- **Exercise materials**:
----

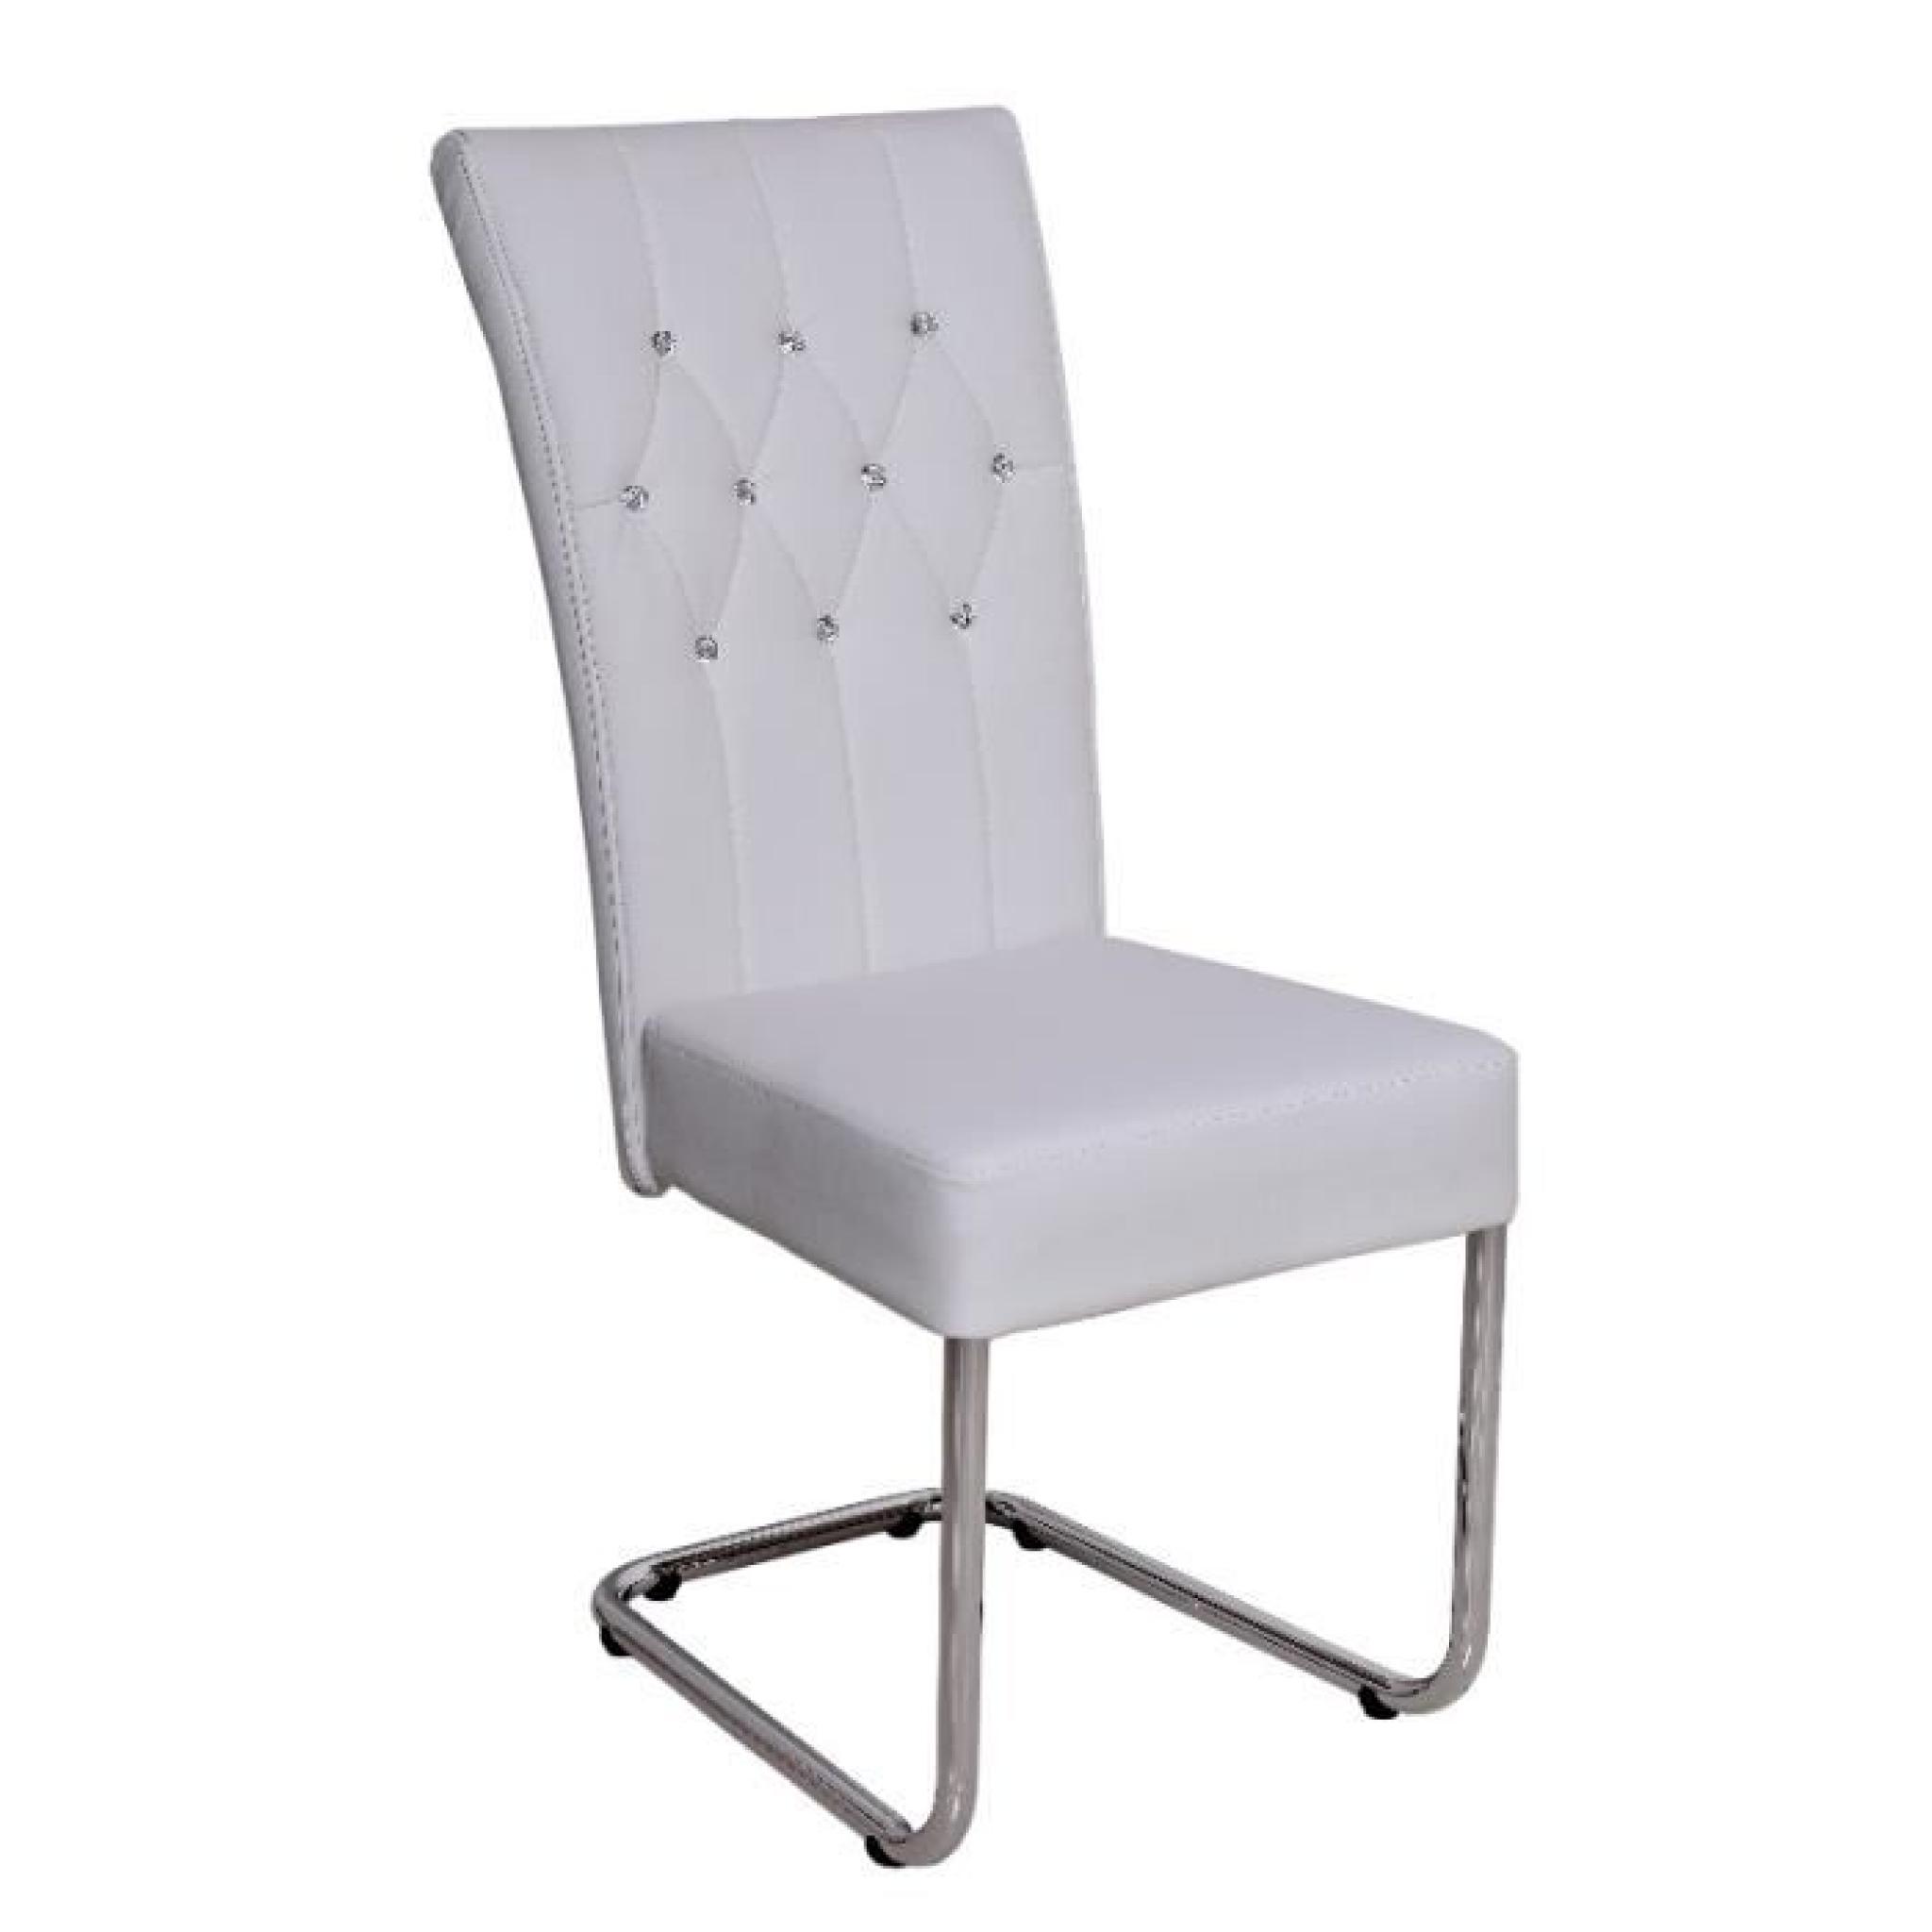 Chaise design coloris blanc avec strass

----

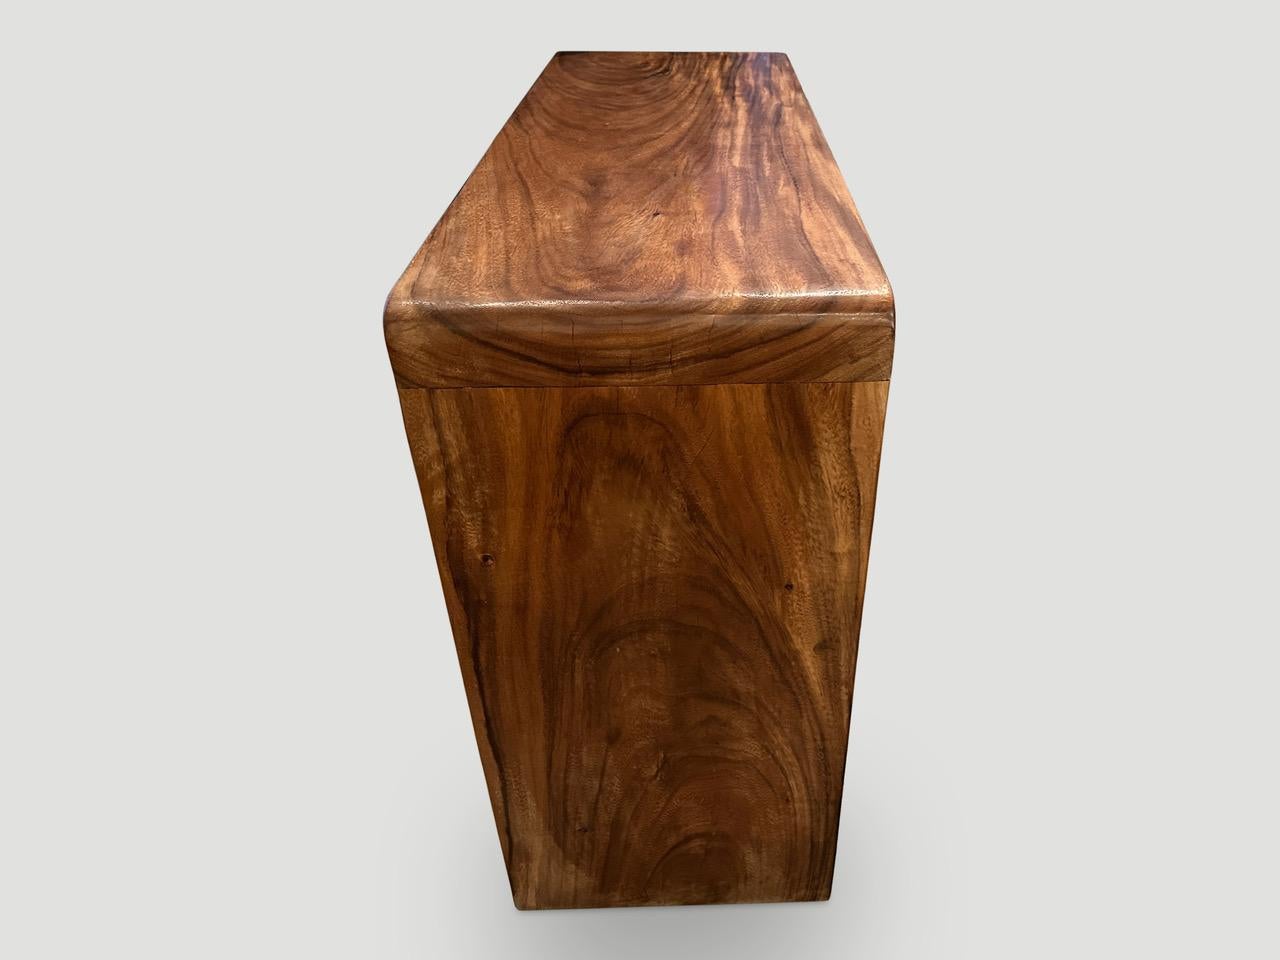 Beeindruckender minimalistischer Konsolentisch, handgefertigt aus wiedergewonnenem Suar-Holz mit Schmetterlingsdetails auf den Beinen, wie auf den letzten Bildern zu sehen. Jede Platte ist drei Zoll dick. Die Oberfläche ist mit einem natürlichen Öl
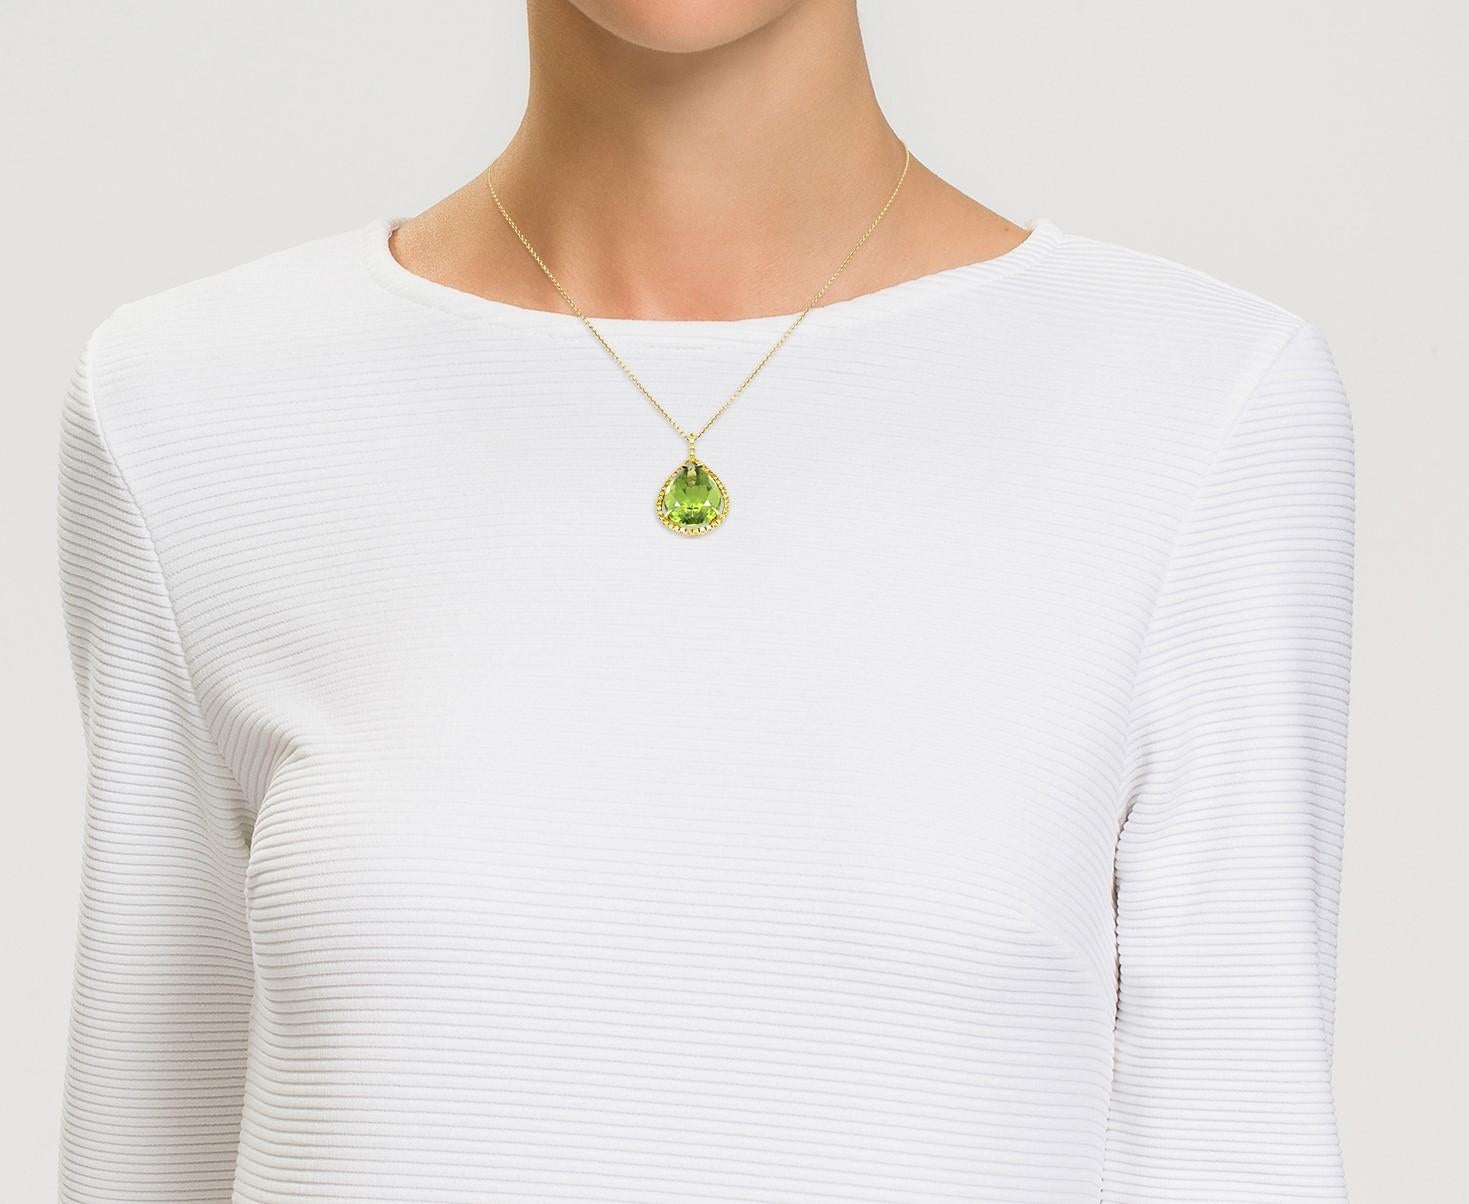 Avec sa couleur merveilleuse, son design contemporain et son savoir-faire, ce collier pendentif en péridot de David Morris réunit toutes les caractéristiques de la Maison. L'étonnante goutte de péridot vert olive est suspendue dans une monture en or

----

- **What is needed**:
Starting at the line that contains "Beeindruckender minimalistischer Konsolentisch, handgefertigt" and ending at the line that contains "Avec sa couleur", transcribe the material above exactly, excluding pictures.

- **Answer space**:
 Beeindruckender minimalistischer Konsolentisch, handgefertigt aus wiedergewonnenem Suar-Holz mit Schmetterlingsdetails auf den Beinen, wie auf den letzten Bildern zu sehen. Jede Platte ist drei Zoll dick. Die Oberfläche ist mit einem natürlichen Öl
 Avec sa couleur merveilleuse, son design contemporain et son savoir-faire, ce collier pendentif en péridot de David Morris réunit toutes les caractéristiques de la Maison. L'étonnante goutte de péridot vert olive est suspendue dans une monture en or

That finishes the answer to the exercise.